Congress had originally recognized this issue and passed the Child Citizenship Act of 2000 that stipulated that intercountry adoptees that were fully adopted by February 27, 2001 and had not yet turned 18 would be granted automatic citizenship moving forward. Originally, the bill had included language that included adults as well, but the issue was supposed to be addressed in the next congressional session. Then, 9/11 happened, and the window for providing citizenship to “foreigners” shut tight.

What is heartbreaking to read in these stories in the USA Today article is the shock many intercountry adoptees experienced when learning they were not, as they had believed, American citizens. Some of their parents had even falsely believed their adopted children were US citizens, figuring that citizenship would automatically be granted. Many found out they were not citizens when they went to apply for passports, jobs, or universities. Others found out after they were arrested.

ICE does not track the number of intercountry adoptees who have been deported, but the USA Today article told the story of Anissa Druesedow, who was adopted at 13 by US Army sergeant and his wife. She never had any reason to believe she was not a US citizen, as she had a driver’s license and social security number. Even in 1993, when she plead guilty to multiple charges related to property crime, her lack of citizenship was not brought up. Then, when she plead guilty to third-degree felony grand larceny in 2004, ICE issued a detainer and took her into custody. She was then informed she was not a citizen and deported from the country. Her appeal to the BIA failed as well because her adoptive parents had failed to get her naturalized before her 18th birthday. In March 2006, she was deported to Jamaica where she hadn’t been since she was 6 years old (having moved to Panama at 6 and lived there until 13).

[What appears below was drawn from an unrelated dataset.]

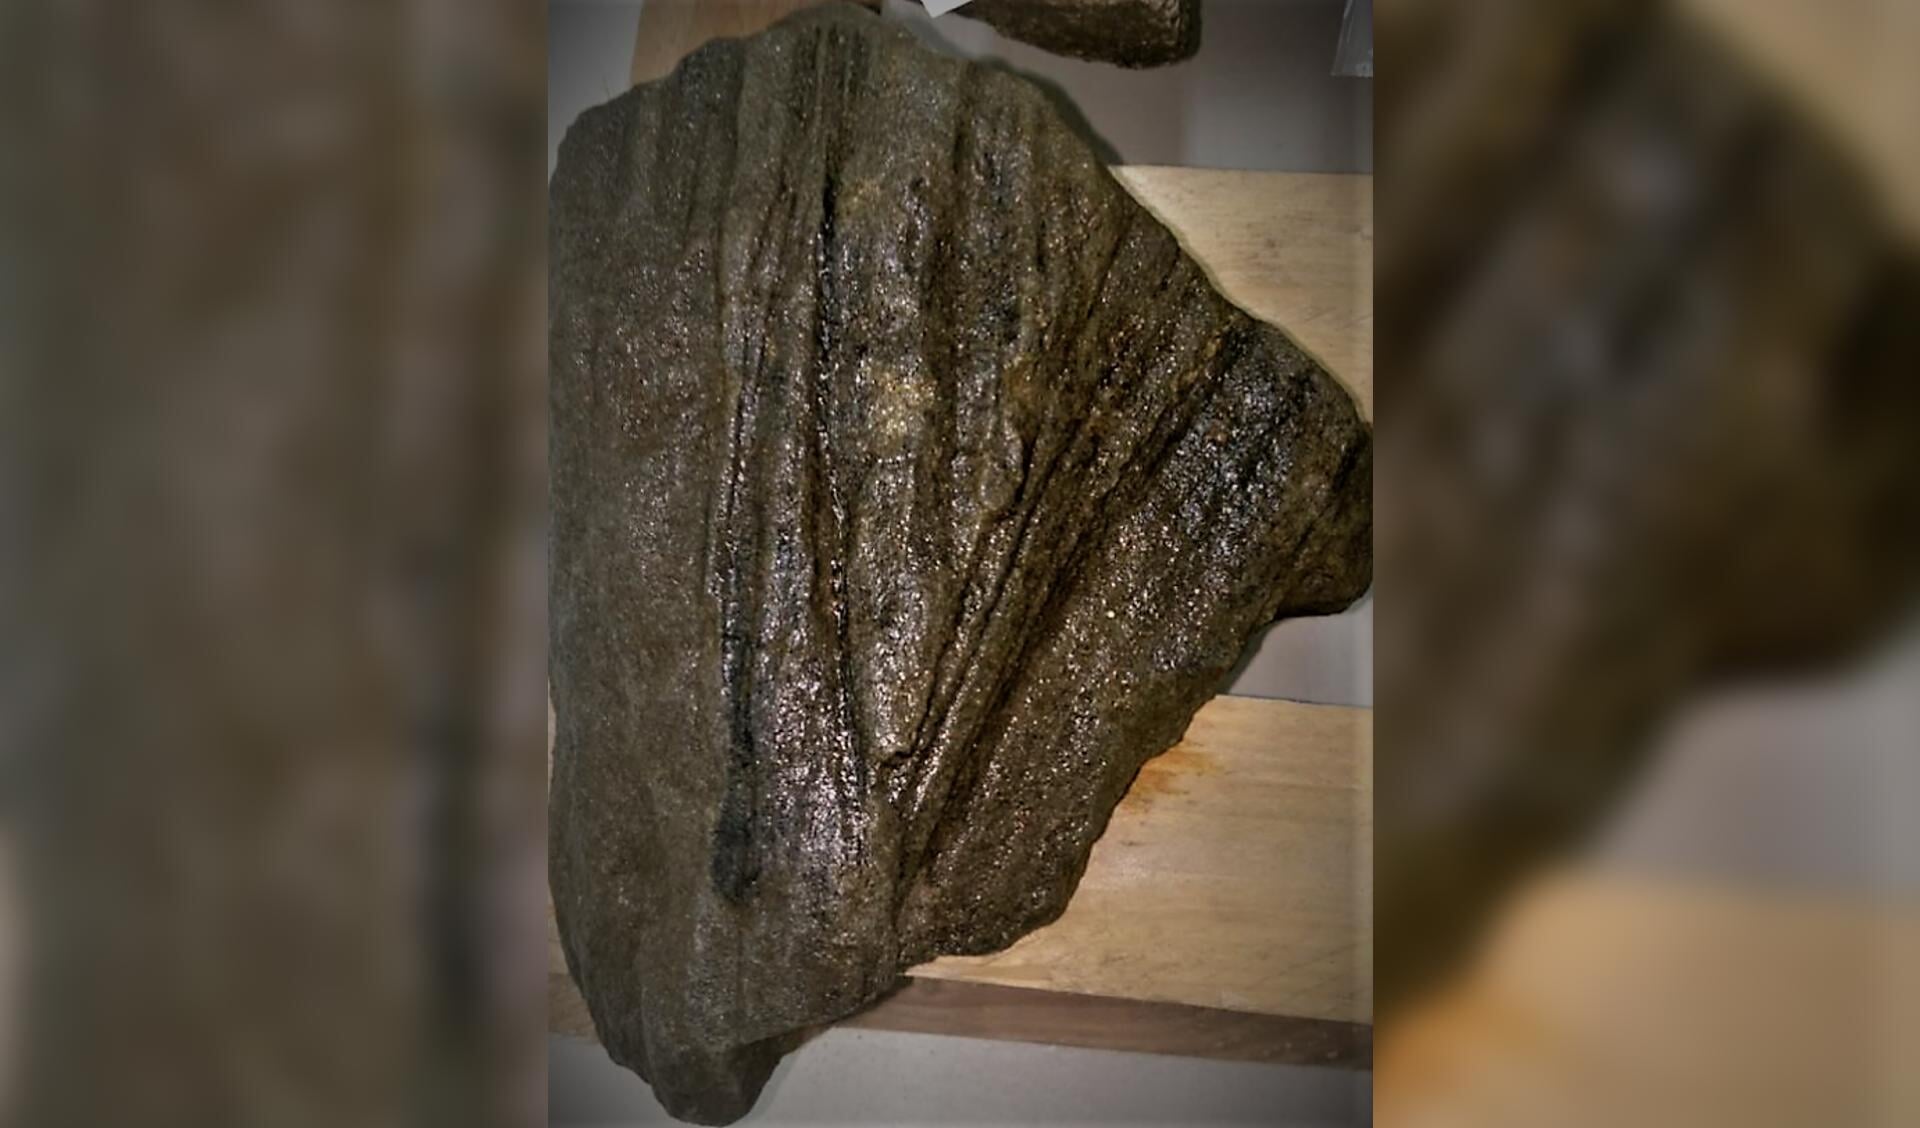 Deze steen die naar boven is gehaald is waarschijnlijk een fragment van een Romeins beeldhouwwerk.

It’s unacceptable for there not to be a readily available avenue for these adults, raised by Americans as Americans, to receive the automatic citizenship that should have been granted to them years ago. I was intrigued seeing that one solution, posited by Adoptee Rights Law Center, would be for Congress to update the Immigration Registry.  The registry provision of the Immigration and Nationality Act provides a way for people continuously residing in the US without legal status to apply for admission as a legal permanent resident. It has been updated several times in the last 100 years and was last updated in 1986. Previously, the registry date had been updated generally every 20 years. It has now been almost 50 years, and the current Registry date is January 1, 1972.

Updating the Registry would not only help intercountry adoptees without legal status, it would help a large number of people who know America has their home to attain legal status. Although it does not seem politically feasible at the moment to pass such legislation considering the hateful rhetoric surrounding immigrants, we can only hope that legislators will soon be willing to consider making this long overdue change.